BBVA relies on a proprietary service called Heimdal to authenticate employees through the corporate identity provider. Heimdal calls the AppStream 2.0 API CreateStreamingURL operation to create a temporary URL to start a streaming session for the specified user, and tries to abstract the user from the service using:

  • FleetName to connect the most appropriate fleet based on the user’s location (BBVA has fleets deployed in Europe and America to improve the user’s experience.)
  • ApplicationId to launch the proper application without having to use an intermediate portal
  • SessionContext in situations where, for instance, the authentication service generates a token and needs to be forwarded to a browser application and injected as a session cookie

BBVA uses AWS Transit Gateway to build a hub-and-spoke network topology (2)

To simplify its overall network architecture, BBVA uses AWS Transit Gateway to build a hub-and-spoke network topology with full control over network routing and security.

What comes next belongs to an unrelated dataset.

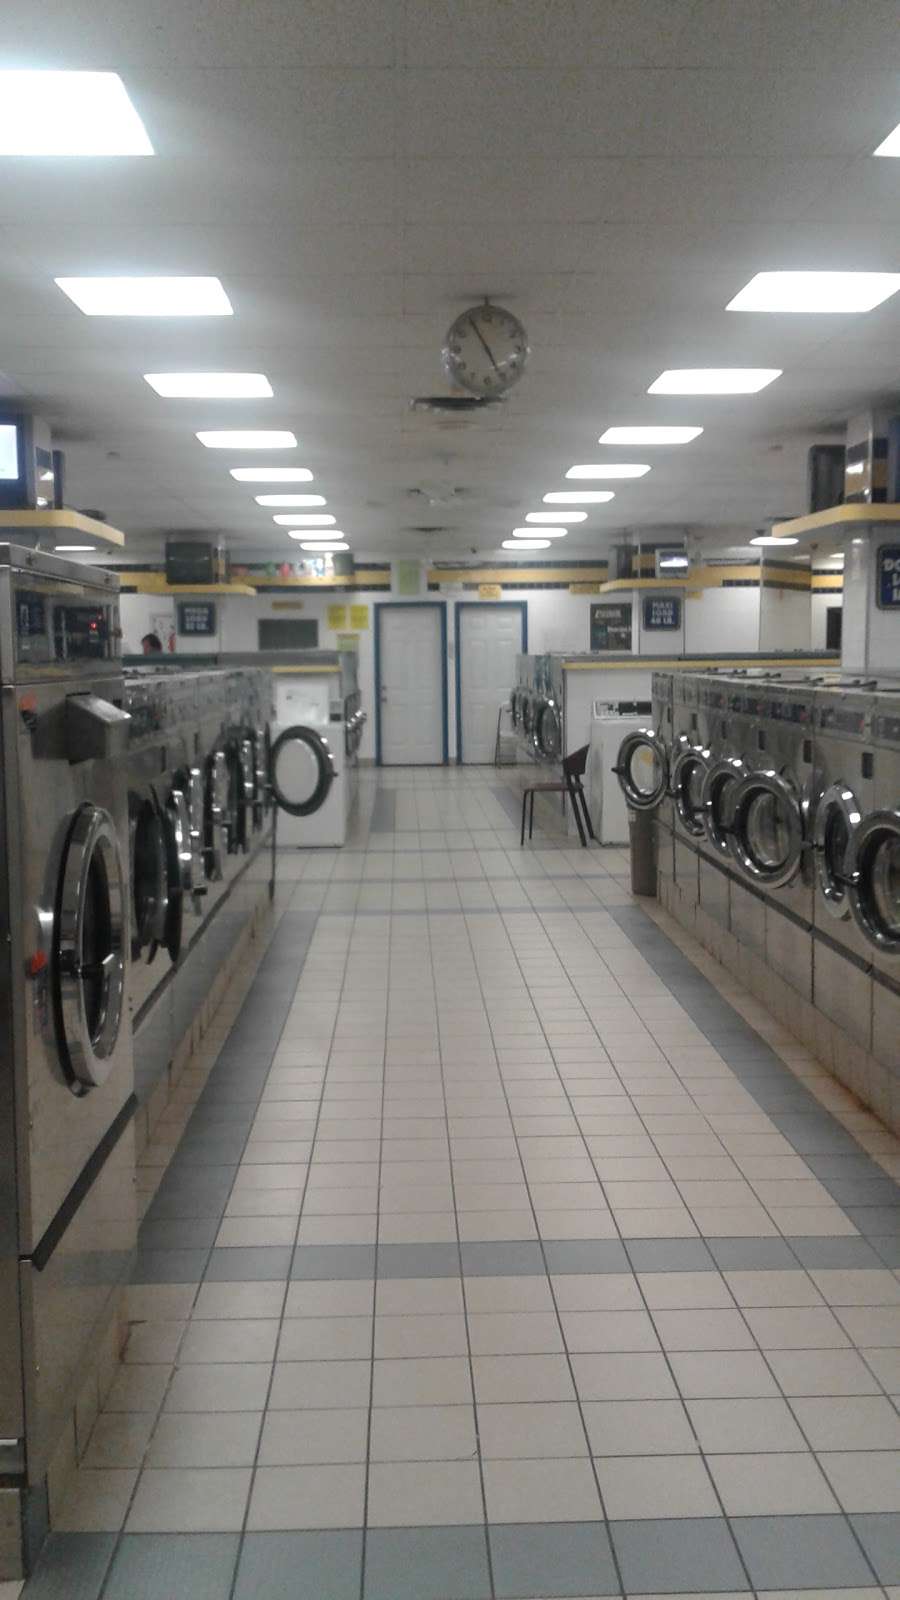 Laundry Magic 24 Hour Laundromat - laundry  | Photo 1 of 3 | Address: 1819 Grand Ave, Waukegan, IL 60085, USA

There are situations where the application streamed in AppStream 2.0 needs to connect:

  1. On-premises, using AWS Direct Connect plus VPN providing an IPsec-encrypted private connection
  2. To the Internet through an outbound VPC proxy with domain whitelisting and content filtering to control the information and threats in the navigation of the employee

AppStream 2.0 activity is logged into a centralized repository support by Amazon S3 for detecting unusual behavior patterns and by regulatory requirements.

Conclusion

BBVA built a global solution reducing implementation time by 90% compared to on-premises projects, and is meeting its operational and security requirements. As well, the solution is helping with the company’s top concern: protecting the health and safety of its employees.